Kubernetes Best Practices for Developer

Ramesh Babu Chayapathi
8 min readOct 9, 2024

--

In this post, I will run through some best practices to use when using Kubernetes (K8s).

As the most popular container orchestration system, K8s is the de-facto standard for the modern cloud engineer to get to grips with. K8s is a notoriously complex system to use and maintain, so getting a good grasp of what you should and should not be doing, and knowing what is possible will get your deployment off to a solid start.

These recommendations cover common issues within 3 broad categories, application development, governance, and cluster configuration.

Kubernetes Best Practices:

  1. Use namespaces
  2. Use readiness and liveness probes
  3. Use resource requests and limits
  4. Deploy your Pods as part of a Deployment, DaemonSet, ReplicaSet or StatefulSet across nodes.
  5. Use multiple nodes
  6. Use Role-based access control (RBAC)
  7. Host your Kubernetes cluster externally (use a cloud service)
  8. Upgrade your Kubernetes version
  9. Monitor your cluster resources and audit policy logs
  10. Use a version control system
  11. Use a Git-based workflow (GitOps)
  12. Reduce the size of your containers
  13. Organize your objects with labels
  14. Use network policies
  15. Use a firewall

Use Namespaces:

Namespaces in K8s are important to utilize in order to organize your objects, create logical partitions within your cluster, and for security purposes. By default, there are three namespaces in a K8s cluster, default, kube-public and kube-system.

RBAC can be used to control access to particular namespaces in order to limit the access of a group to control the blast-radius of any mistakes that might occur, for example, a group of developers may only have access to a namespace called dev , and have no access to the production namespace. The ability to limit different teams to different namespaces can be valuable to avoid duplicated work or resource conflict.

LimitRange objects can also be configured against namespaces to define the standard size for a container deployed in the namespace. ResourceQuotas can also be used to limit the total resource consumption of all containers inside a Namespace. Network policies can be used against namespaces to limit traffic between pods.

Use Readiness and Liveness Probes

Readiness and Liveness probes are essentially types of health checks. These are another very important concept to utilize in K8s.

Readiness probes ensure that requests to a pod are only directed to it when the pod is ready to serve requests. If it is not ready, then requests are directed elsewhere. It is important to define the readiness probe for each container, as there are no default values set for these in K8s.

For example, if a pod takes 20 seconds to start and the readiness probe was missing, then any traffic directed to that pod during the startup time would cause a failure.
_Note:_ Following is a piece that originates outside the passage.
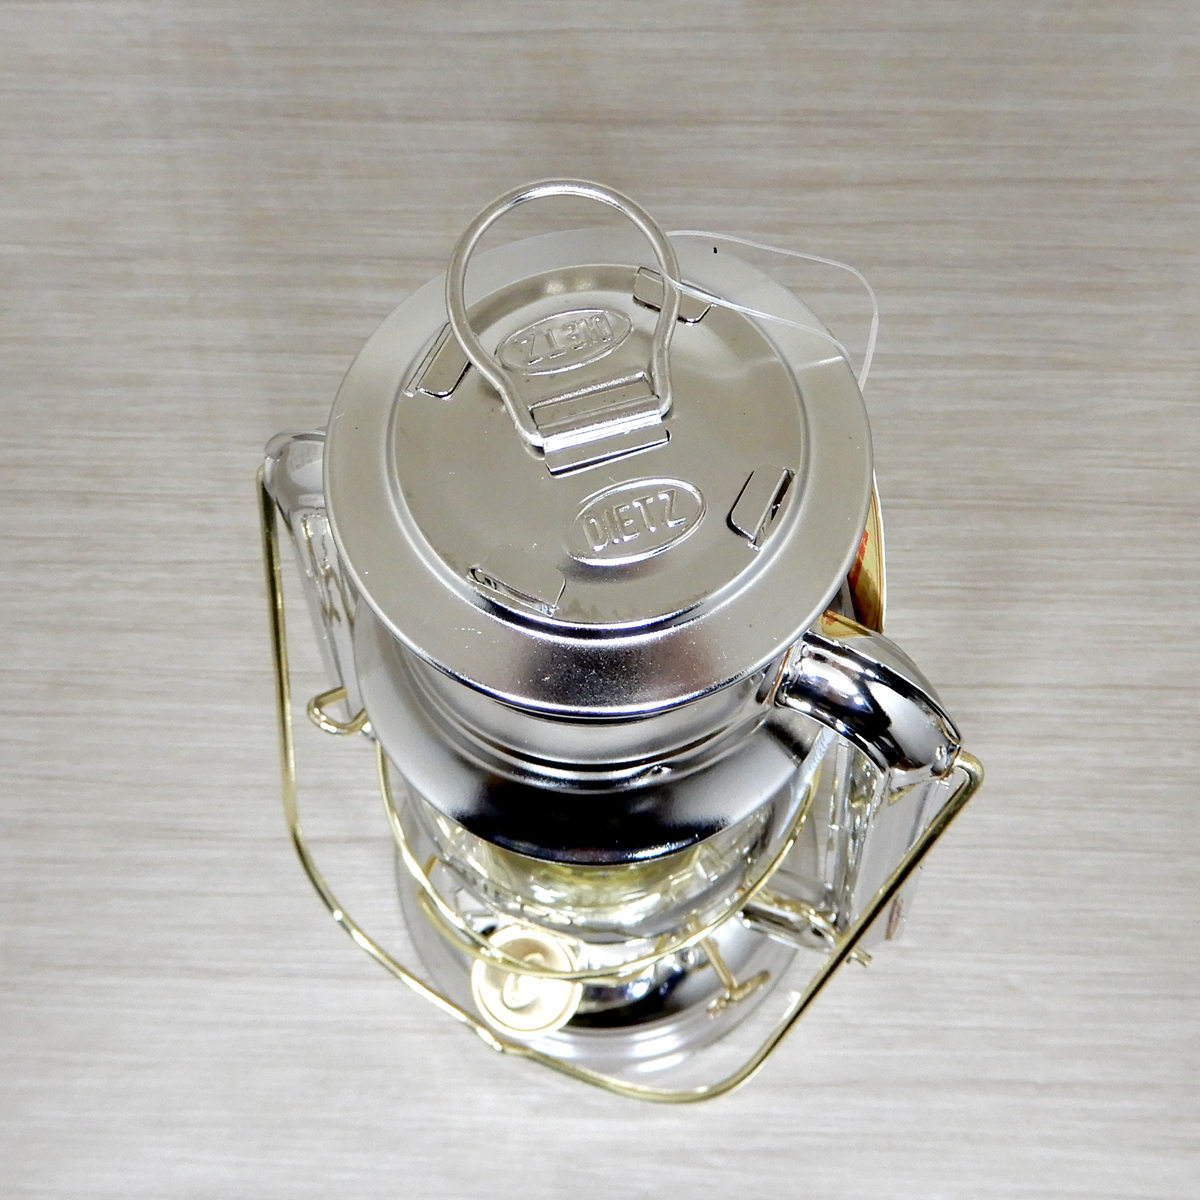 替芯付【送料無料】新品 Dietz #76 Original Oil Lantern - Nickel & Brass Trim【日本未発売】◇デイツ ニッケル 真鍮 ハリケーンランタン_画像9

Readiness probes should be independent and not take into account any dependencies on other services, such as a backend database or caching service.

Liveness probes test if the application is running in order to mark it as healthy. For example, a particular path of a web app could be tested to ensure it is responding. If not, the pod will not be marked as healthy and the probe failure will cause the kubeletto launch a new pod, which will then be tested again. This type of probe is used as a recovery mechanism in case the process becomes unresponsive.

Use Autoscaling

Where it is appropriate, autoscaling can be employed to dynamically adjust the number of pods (horizontal pod autoscaler), the amount of resources consumed by the pods (vertical autoscaler), or the number of nodes in the cluster (cluster autoscaler), depending on the demand for the resources.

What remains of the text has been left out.